[Data excerpts — start]
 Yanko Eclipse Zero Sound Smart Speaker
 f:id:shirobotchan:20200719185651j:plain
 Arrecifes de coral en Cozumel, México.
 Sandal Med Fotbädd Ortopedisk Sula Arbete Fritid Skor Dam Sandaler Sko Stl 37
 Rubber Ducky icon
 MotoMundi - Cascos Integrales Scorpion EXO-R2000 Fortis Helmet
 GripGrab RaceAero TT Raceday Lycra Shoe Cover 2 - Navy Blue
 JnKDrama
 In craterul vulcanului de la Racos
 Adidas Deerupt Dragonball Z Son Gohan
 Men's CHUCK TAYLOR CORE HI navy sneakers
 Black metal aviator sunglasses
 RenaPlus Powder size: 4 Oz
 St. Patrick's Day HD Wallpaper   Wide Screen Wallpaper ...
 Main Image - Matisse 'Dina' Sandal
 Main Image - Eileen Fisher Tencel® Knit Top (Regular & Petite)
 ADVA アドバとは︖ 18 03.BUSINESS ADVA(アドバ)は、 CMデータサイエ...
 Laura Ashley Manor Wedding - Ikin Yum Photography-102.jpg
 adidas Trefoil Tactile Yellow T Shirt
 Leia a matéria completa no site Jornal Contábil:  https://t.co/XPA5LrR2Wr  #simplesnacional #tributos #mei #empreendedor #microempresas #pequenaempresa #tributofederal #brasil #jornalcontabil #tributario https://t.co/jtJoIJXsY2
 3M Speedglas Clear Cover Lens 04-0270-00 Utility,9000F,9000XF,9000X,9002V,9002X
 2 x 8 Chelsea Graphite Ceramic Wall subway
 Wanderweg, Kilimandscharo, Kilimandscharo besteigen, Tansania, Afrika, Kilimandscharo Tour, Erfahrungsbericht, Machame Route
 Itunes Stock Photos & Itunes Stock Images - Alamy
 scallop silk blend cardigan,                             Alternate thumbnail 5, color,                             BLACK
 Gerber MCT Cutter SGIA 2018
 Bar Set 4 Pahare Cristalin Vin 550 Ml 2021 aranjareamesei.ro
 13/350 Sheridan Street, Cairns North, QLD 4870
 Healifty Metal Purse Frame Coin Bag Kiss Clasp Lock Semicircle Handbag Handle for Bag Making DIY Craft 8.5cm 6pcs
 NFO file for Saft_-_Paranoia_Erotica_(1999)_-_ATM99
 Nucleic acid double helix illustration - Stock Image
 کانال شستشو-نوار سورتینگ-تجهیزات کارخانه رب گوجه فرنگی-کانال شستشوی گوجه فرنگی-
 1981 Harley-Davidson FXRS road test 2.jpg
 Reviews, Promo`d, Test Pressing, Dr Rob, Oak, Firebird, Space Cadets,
[Data excerpts — finish]
Task description:
Check each line above for the string "Stock" and copy those that have it.

Result:
 Itunes Stock Photos & Itunes Stock Images - Alamy
 Nucleic acid double helix illustration - Stock Image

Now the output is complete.